A Festa aproxima-se a passos largos. Faz sentido entrar em alguns pormenores relativamente invisíveis, que muitos desconhecerão, relacionados com a Bugiada.
Antes de mais:
Quer o Velho quer o Reimoeiro são escolhidos e designados pela Comissão de Festas, tarefa este ano assumida pela Casa do Bugio, de acordo com os respectivos estatutos, e tendo como Juíz da Festa o empresário brasileiro, natural de Sobrado, Generoso Ferreira das Neves.
O critério primeiro para a escola destes lugares é o da antiguidade.
A partir do momento em que essa escolha se efectua, uma série de atribuições e responsabilidades competem a cada um destes altos postos. Assim:

O Velho da Bugiada:

- escolhe e designa os Guias e os Rabos
- arranja os músicos que acompanham a Bugiada
- assegura o cavalo que correrá as Embaixadas
- arranja os burros para a Sementeira
- escolhe os Advogados
- designa os Bugios que vão para cima do Castelo, controlam e dão a pólvora, dão os fulminantes e usam a vassoura
- designa as crianças que irão despedir-se do Velho e limpar-lhe as "bagadas"
- designa os que transmitem as mensagens ao Embaixador ("folhas")
- compete-lhe igualmente arranjar a pólvora, a corda para os instrumentos dos músicos
- cabe-lhe ainda arranjar os pinheiros para os dois castelos.

O Reimoeiro:

- designa os Guias, Meios e Rabos
- distribui as fardas da Comissão
- arranja "espadins", polainas e plumas (a Comissão não os tem em número bastante)
- arranja o "Caixa" que acompanha as danças dos Mourisqueiros.

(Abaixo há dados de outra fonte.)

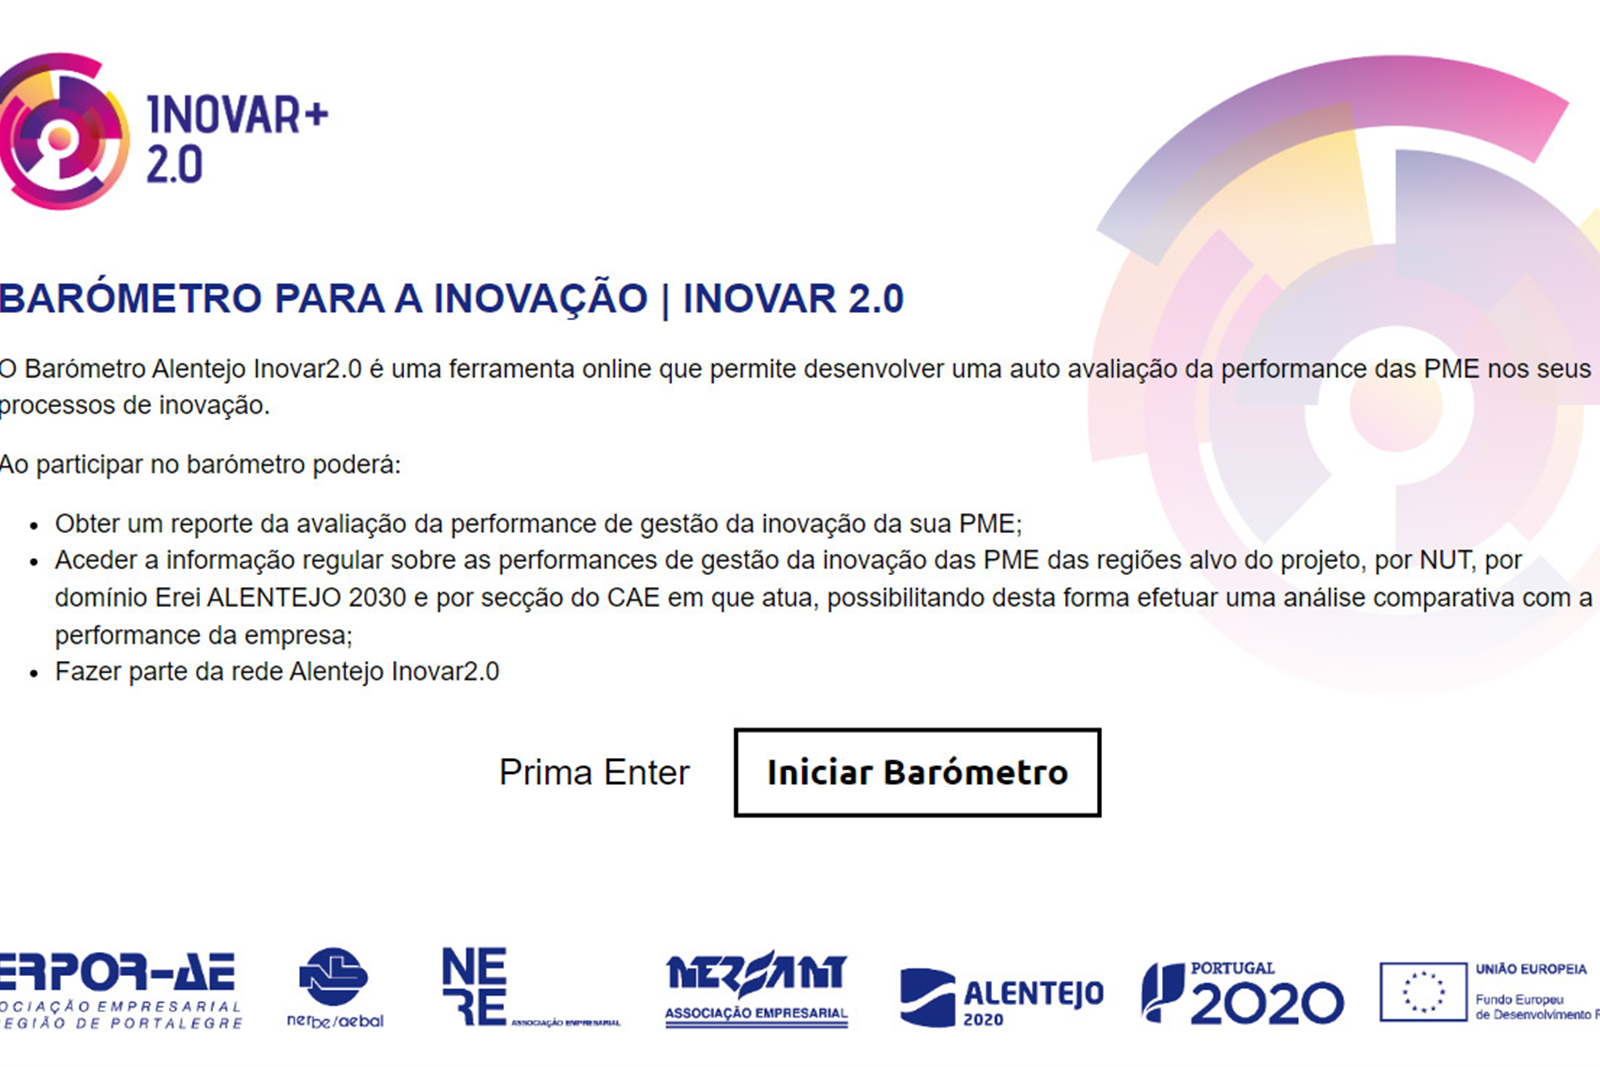 NERSANT e Associações Empresariais do Alentejo lançam Barómetro INOVA 2.0 para avaliação regional da inovação empresarial

quinta-feira, maio 12, 2005

Os que escrevem sobre a Bugiada - III

O Prof. António Custódio Gonçalves, num texto de meados dos anos 80, na Revista da Faculdade de Letras/Geografia, do Porto (I Série, Vol. I, 1985, pp.35-45), intitualado "Simbolização da violência social", refere-se a formas simbólicas de violência. A propósito das formas de ritualização (e esteticização) da violência, nomeadamente nas sociedades tradicionais (e não só), escreve o autor:

"Todos nós conhecemos certamente o ritual da 'bugiada', que se pratica na povoação do Sobrado, do concelho de Valongo. Todos os anos, Sobrado é palco duma 'arte marcial', imitada e repetida ao longo dos séculos, entre cristãos (que dão pelo nome de 'bugios') e mouros (grupo dos 'mourisqueiros' comandado pelo 'Reimoeiro' ou Rei Mouro). Para além dos ritos de fertilidade, o ritual da 'Dança do Cego' põe em cena o conflito e o constante refazer dos desequilíbrios da vida colectiva, sem que tal dinâmica lúdica acarrete a negação ou o aniquilamento de qualquer das partes em tensão: jogo altamente participado pela colectividade em que esta é aspergida por lama e excrementos".

quarta-feira, maio 11, 2005

Os que escrevem sobre a Bugiada - II

Encontrei no weblog Adverb, de um americano "expatriado" em Portugal (de facto, alguém que se apaixonou por uma jornalista portuguesa), esta referência à festa de Sobrado, datada de 24 de Junho de 2003 (as fotos que colheu não se encontram disponíveis, presentemente):

"Missed the hammerfest last night, but made it to the Festa de S. João in the neighboring village of S. João de Sobrado today for the Procissão de S. João. (Procession of St. John) and the Dança Entrada de Mour e Bugios (Dancing Entrance of the Moors and the Bugios). The event is a parade, half religious and half, if I understand it correctly, a celebration of the role played by the Bugios in the defeat of the Moors in Portugal during the Middle Ages.No one I spoke to today had a clear idea of exactly who or what the Bugios were, or what role they played in defeating the Moors, but in the Dança Entrada de Mour e Bugios segment of the parade the Bugios were represented by a hundred or so men dressed in bright red costumes and a variety of festive masks. The program stated that both the Bugios and the Moors would 'enter dancing', but I couldn't tell who was supposed to be a Moor since they all wore essentially the same bright red military-style costume. Maybe the distinction was in the masks since I doubt that a Moor ever wore a bright red military uniform.An image of the religious portion of the parade. The icon is S. João."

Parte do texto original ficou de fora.